Sources: Jack Conness, energy policy analyst; Bloomberg research

“During that period of dormancy for the office, there were many companies who needed this liquidity function and weren’t able to find it,” Shah says. “So ultimately they were delayed in terms of commercializing their technology. Today, we’re making sure that people know that we’re open for business.”

There are currently more than 140 companies and projects that have applied to the Loan Programs Office for backing in what amounts to about $120 billion in loan requests, according to Shah. About a third of the applicants have done the paperwork to borrow money before. Shah says he expects almost all of those applicants, who must still undertake extensive documentation in order to be considered, will be authorized for loans within the next 15 months.

“And then we have another roughly same number of projects that are sitting in pre-consultation, where the potential applicant hasn’t applied yet,” Shah says. “But you know, we’re talking to them and we’re quite bullish about the technology and the project that they’re pursuing.”

As tensions between the world’s two largest economies have increased, there’s been a corresponding rise in Washington’s ambition to expand domestic capacity in what it now considers strategic industries, including electric vehicles and batteries. The politics of clean energy are divided in the US, but there’s bipartisan support among Democrats and Republicans on countering China.

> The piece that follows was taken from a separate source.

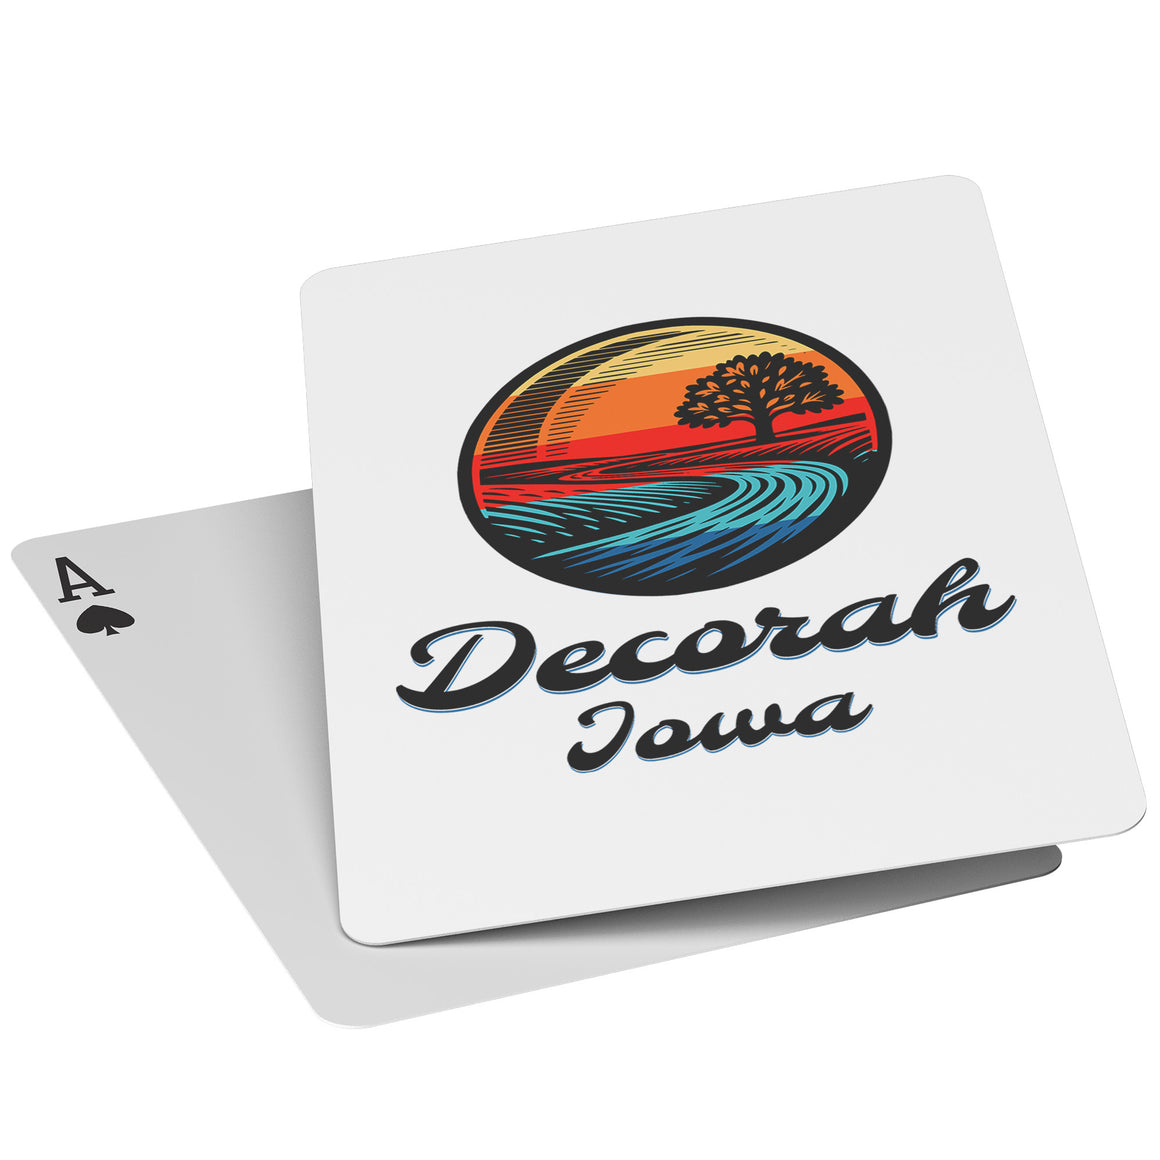 Decorah Iowa Playing Cards, Woodcut River

“I think that this office in particular has fairly universal support from the political parties,” Shah says. “We are uniformly funding everything. So whether it’s nuclear power or carbon capture and storage or hydrogen or next-generation wind, every single member of Congress, every single senator, every single politician, every mayor has a project that they want to happen in their district, in their community.”

Still, continued bipartisan support — a big if, after congressional Republicans recently pushed to roll back provisions of the IRA — doesn’t guarantee a quick changeover. “We’ll be able to assemble the cars and make the battery packs, and we’re spending billions on that,” says KPMG’s Silberg. “But to get it all here we’re going to be relying on China for a while.”

Incentives built into the IRA acknowledge that US manufacturers will be importing refined metals from China for the time being. That’s why the law prioritizes US domestic manufacturing and assembly of battery packs, which enable consumers to tap into tax incentives on car purchases. The new policies will boost US sales of EVs to as much as 51% of all car sales by 2030, according to BloombergNEF — just enough to surpass Biden’s 50% goal.

Getting there by the end of the decade means many things have to go right, and the sort of industrial policy practiced by the LPO has come with no shortage of setbacks. Back in 2009, for example, Ford received the very first loan under the LPO’s Advanced Technology Vehicle Manufacturing program. The company used the $5.9 billion to finance several green projects, including the conversion of a Michigan factory to build compact cars instead of gas guzzling sports-utility vehicles. Ford repaid the full sum last year. But the compact cars didn’t sell, and Ford exited the sedan business in 2018.

Now that same LPO-backed factory makes gasoline-burning SUVs and pickup trucks once again.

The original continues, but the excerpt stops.